355 500 произведений, 25 200 авторов.

Электронная библиотека книг » Виктор Гюго » Отверженные (Трилогия) » Текст книги (страница 88)
Отверженные (Трилогия)
  • Текст добавлен: 7 октября 2016, 00:27

Текст книги "Отверженные (Трилогия)"


Автор книги: Виктор Гюго



сообщить о нарушении

Текущая страница: 88 (всего у книги 119 страниц)

Книга девятая
Куда они идут?
Глава 1
Жан Вальжан

В тот же самый день, в четыре часа, Жан Вальжан сидел на одном из самых пустынных откосов Марсова поля. Из осторожности ли, из желания ли сосредоточиться или просто вследствие одной из тех нечувствительных перемен в привычках, которые мало-помалу назревают в жизни каждого человека, он теперь довольно редко выходил с Козеттой. Он был в рабочей куртке и в серых холщовых штанах; картуз с длинным козырьком скрывал его лицо. В настоящее время, думая о Козетте, он был спокоен и счастлив; то, что его волновало и пугало еще недавно, рассеялось; однако недели две тому назад в нем возникло беспокойство другого рода. Однажды, гуляя по бульвару, он заметил Тенардье; Жан Вальжан был переодет, и Тенардье его не узнал; но с тех пор он видел его еще несколько раз и теперь был уверен, что Тенардье бродил неспроста в этом квартале. Этого было достаточно, чтобы принять важное решение. Тенардье здесь – значит, все опасности налицо. Кроме того, в Париже было неспокойно для всякого, кто имел основания скрывать что-либо в своей жизни; политические смуты представляли неудобство в том отношении, что полиция, ставшая весьма недоверчивой и весьма подозрительной, выслеживая какого-нибудь Пепена или Морэ, легко могла разоблачить такого человека, как Жан Вальжан. Он решил покинуть Париж, и даже Францию, и переехать в Англию. Козетту он предупредил. Он хотел отправиться в путь уже на этой неделе. Сидя на откосе Марсова поля, он глубоко задумался: его обуревали мысли о Тенардье, о полиции, о путешествии и о трудностях, связанных с получением паспорта.

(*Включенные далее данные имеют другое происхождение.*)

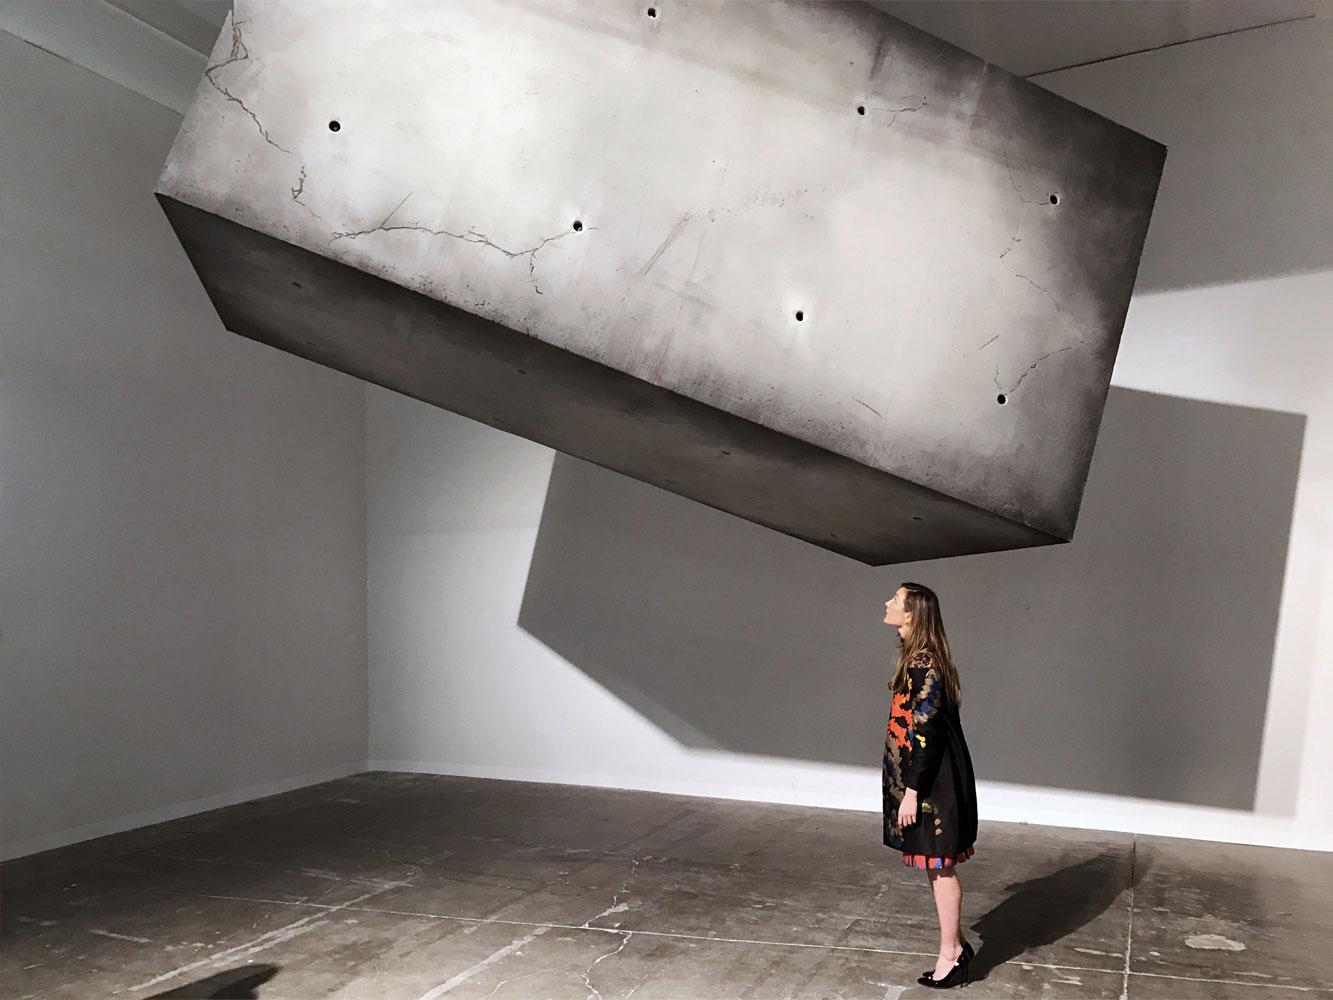 A huge floating monolith has appeared in Helsinki's Amos Rex museum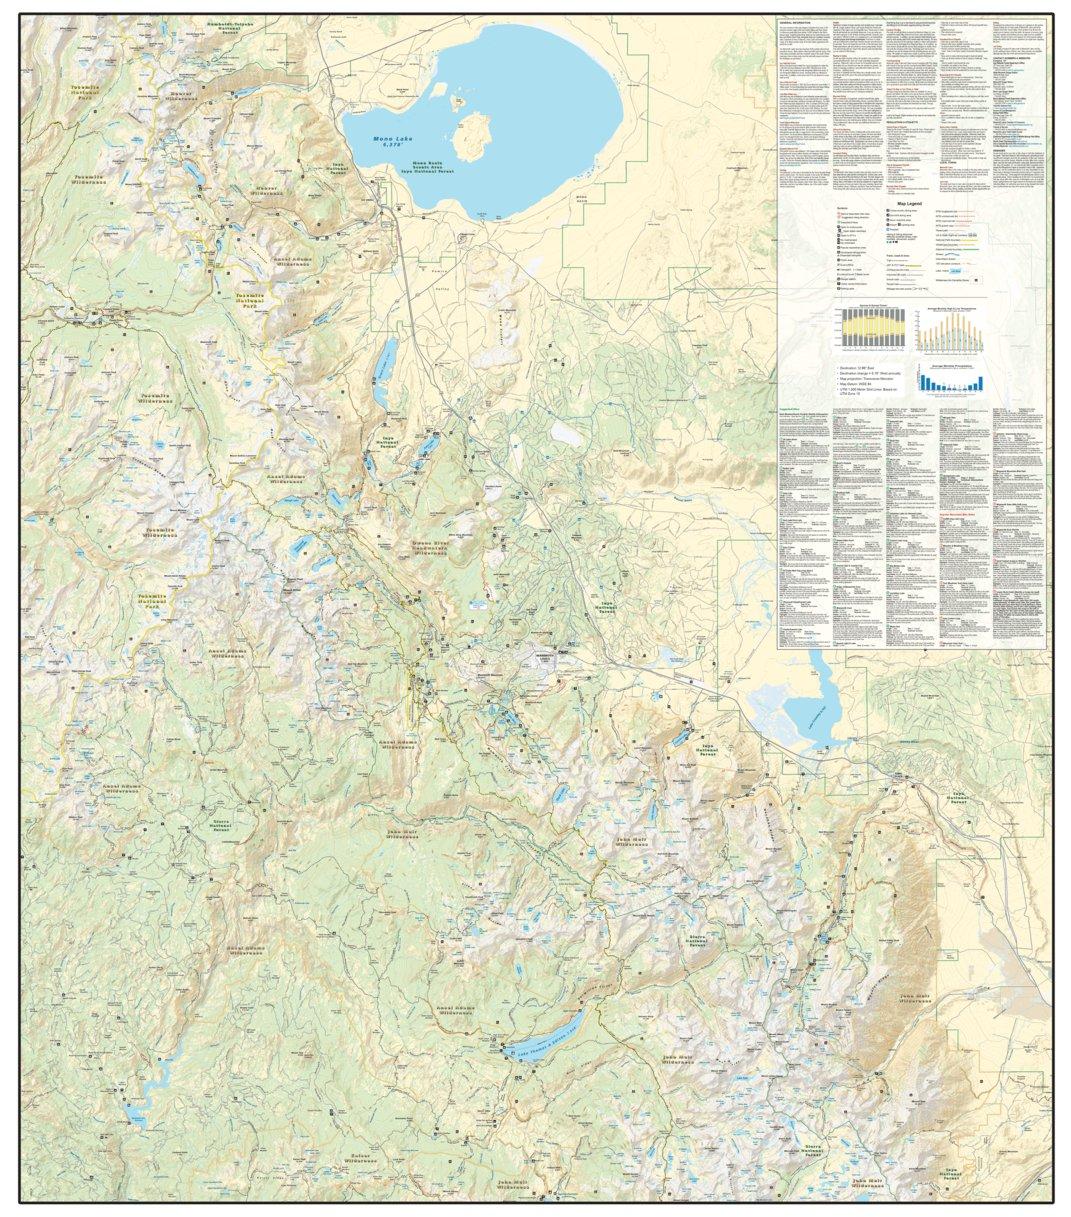 Mammoth Lakes California Trail Map - Adventure Maps, Inc ... on big pine map, tempe lake map, hope ranch map, lake tahoe map, mono county map, riverbank map, pinon hills map, yosemite national park map, hayfork map, big bear map, mountain ranch map, california map, mt laguna map, fish camp map, june lake map, mammoth mountain map, laguna village map, gavilan hills map, mammoth village map, trinidad state beach map,

Он был весьма озабочен всем этим.

Один поразивший его необъяснимый факт, под свежим впечатлением которого он находился и сейчас, особенно усиливал его тревогу. Сегодня утром, встав раньше всех и прогуливаясь в саду, когда окна Козетты еще были закрыты, он вдруг увидел надпись, нацарапанную на стене, по-видимому, гвоздем:

Стекольная улица, № 16.

Это было сделано совсем недавно; царапины казались белыми на старой потемневшей штукатурке, а кустик крапивы у стены был обсыпан мелкой известковой пылью. По всей вероятности, надпись сделали ночью. Что это означало? Чей-то адрес? Условный знак для кого-то? Предупреждение ему? Так или иначе, было ясно, что сад этот стал доступен и туда пробрались какие-то неизвестные люди. Он вспомнил о странных случаях, уже не раз всполошивших дом. Это послужило канвой для усиленной работы мысли. Он поостерегся сказать Козетте о строчке, нацарапанной на стене, боясь ее испугать.

Среди этих тревожных размышлений он заметил по тени, упавшей рядом с ним, что кто-то остановился на верхушке откоса, прямо за его спиной. Он уже хотел обернуться, но тут к нему на колени упала сложенная вчетверо бумажка, словно переброшенная чьей-то рукой через его голову. Он взял бумажку, развернул ее и прочел следующее, написанное карандашом, большими буквами, слово:

Переезжайте.

Жан Вальжан быстро поднялся, на откосе уже никого не было. Осмотревшись кругом, он заметил человека, ростом побольше ребенка и поменьше мужчины, в серой блузе и табачного цвета плисовых штанах, который, перешагнув парапет, скользнул вниз, в ров Марсова поля.

Жан Вальжан в глубоком раздумье тотчас же отправился домой.

Глава 2
Мариус

Мариус ушел от г-на Жильнормана с разбитым сердцем. Отправляясь к нему, он таил в душе надежду, а уходил в бесконечном отчаянии.

Впрочем, – те, кто изучал законы человеческого сердца, поймут это, – улан, пустельга-офицер, этот двоюродный брат Теодюль не оставил никакого следа в его сознании. Ни малейшего. По внешнему ходу событий драматург мог бы ожидать некоторых осложнений в результате разоблачения, сделанного дедом внуку. Но там, где выиграла бы драма, проиграла бы истина. Мариус был в том возрасте, когда не верят ничему дурному; позднее наступает возраст, когда верят всему. Подозрения – это те же морщины. В ранней юности их не бывает. То, что потрясает Отелло, не задевает Кандида. Подозревать Козетту! Мариусу легче было бы совершить какое угодно преступление. Он пустился бродить по улицам – обычное средство, к которому обращаются те, кто страдает. О чем он думал, он вспомнить не мог. В два часа ночи, вернувшись к Курфейраку, он, не раздеваясь, бросился на свой тюфяк. Было уже позднее утро, когда он уснул тем гнетущим, тяжелым сном, который сопровождается беспорядочной сменой образов. Проснувшись, он увидел Курфейрака, Анжольраса, Фейи и Комбефера. Все они стояли в шляпах, имели деловой вид и уже собирались уходить.

Курфейрак спросил его:

– Ты пойдешь на похороны генерала Ламарка?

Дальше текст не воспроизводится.